As Murdoch’s book tour stop happened to take place at a well-known music venue in San Francisco, fans hoped that he’d also play a few songs as promised. Of course, he didn’t disappoint, sprinkling in charming solo versions of Belle and Sebastian songs like “Fox in the Snow” and “Beautiful,” and of course the book’s namesake, “Nobody’s Empire,” with just himself on acoustic guitar or keyboards. The audience, half-seated and half-standing, didn’t hesitate to sing and clap along.
Murdoch and the band have done acoustic or stripped-down versions of Belle and Sebastian songs during various tours, but having a more fleshed-out, fictionalized backstory of his time in California before the band’s start added a magical layer to the night’s performance.
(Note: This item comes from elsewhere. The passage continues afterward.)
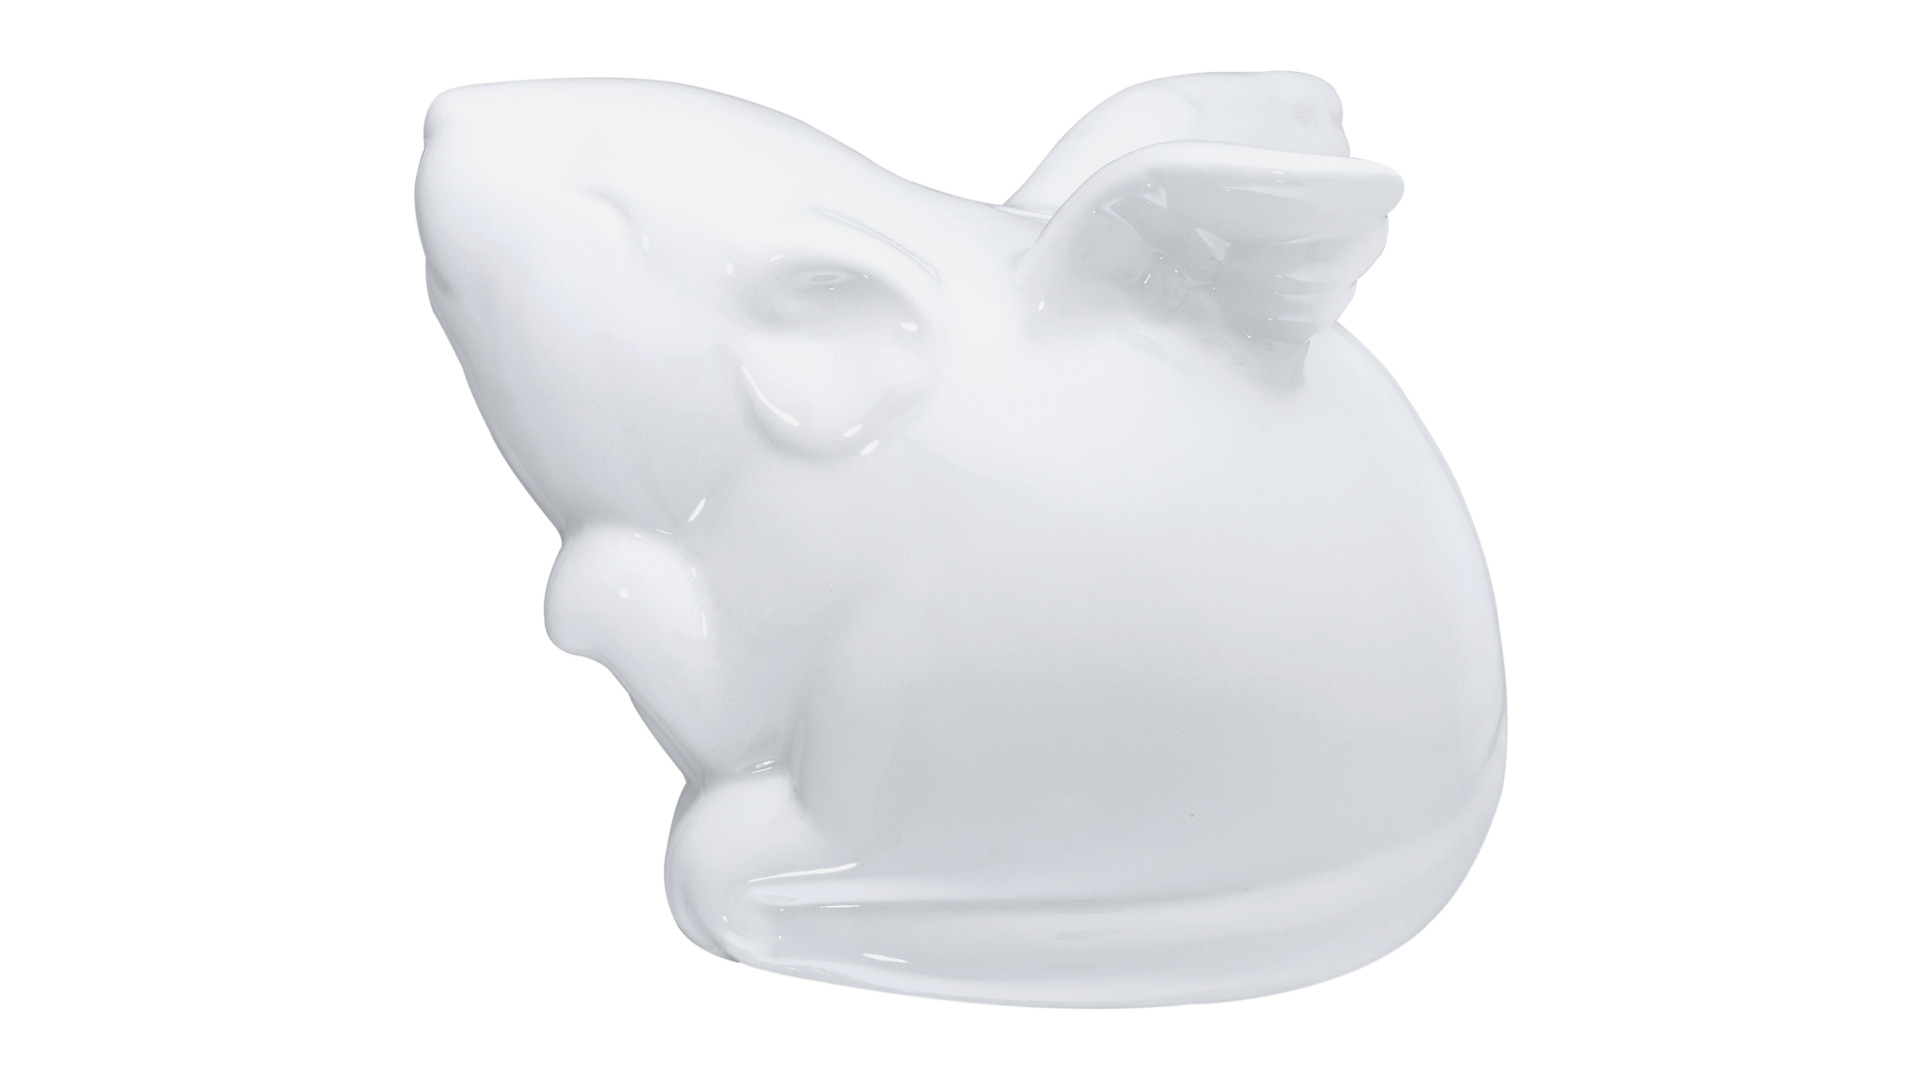 Копилка My Ceramic Story Белая мышка с крыльями 17 см, керамика

The crowd, full of diehard fans young and old, seemed rapturous—missing the well-loved members of B&S, but still enchanted by the lyrical loveliness of Murdoch’s solo versions.
Since San Francisco plays a big role in the novel, Murdoch chose songs and shared personal photos (projected on the screen behind him) that loomed large in his Bay Area memories. “I made a promise to myself that we weren't going to come back to SF until we had a band,” he recounted. As he, and anyone who was there, recalled, he made quite an entrance at that Warfield show in 2001—driving a motorcycle onstage, revving the engine as the Shangri-Las “Leader of the Pack” played.
If you’re a fan of Scottish bands, of thoughtful, literary-infused twee music, of the indie scene of the ‘90s, or any combination thereof, the evening was a thrilling one-two punch. Murdoch expanded his witty, between-song banter into extended tales and insightful anecdotes (his roadie nickname in Glasgow was Primrose, because he was so unlike his leather-clad fellow roadies), namechecked bands he idolized and mentioned in the novel (like the Sundays and Luna, members of whom he sent early copies of the book to), and doled out the all-killer, no-filler loveliness of classic B&S tunes. And it ended with that same, block-long line outside the venue, this time wrapped around the inside of the Chapel, as everyone queued up to have a chat and a selfie with Murdoch as he signed copies of his book. It was a lovely bookend to the night; you couldn’t write it any better.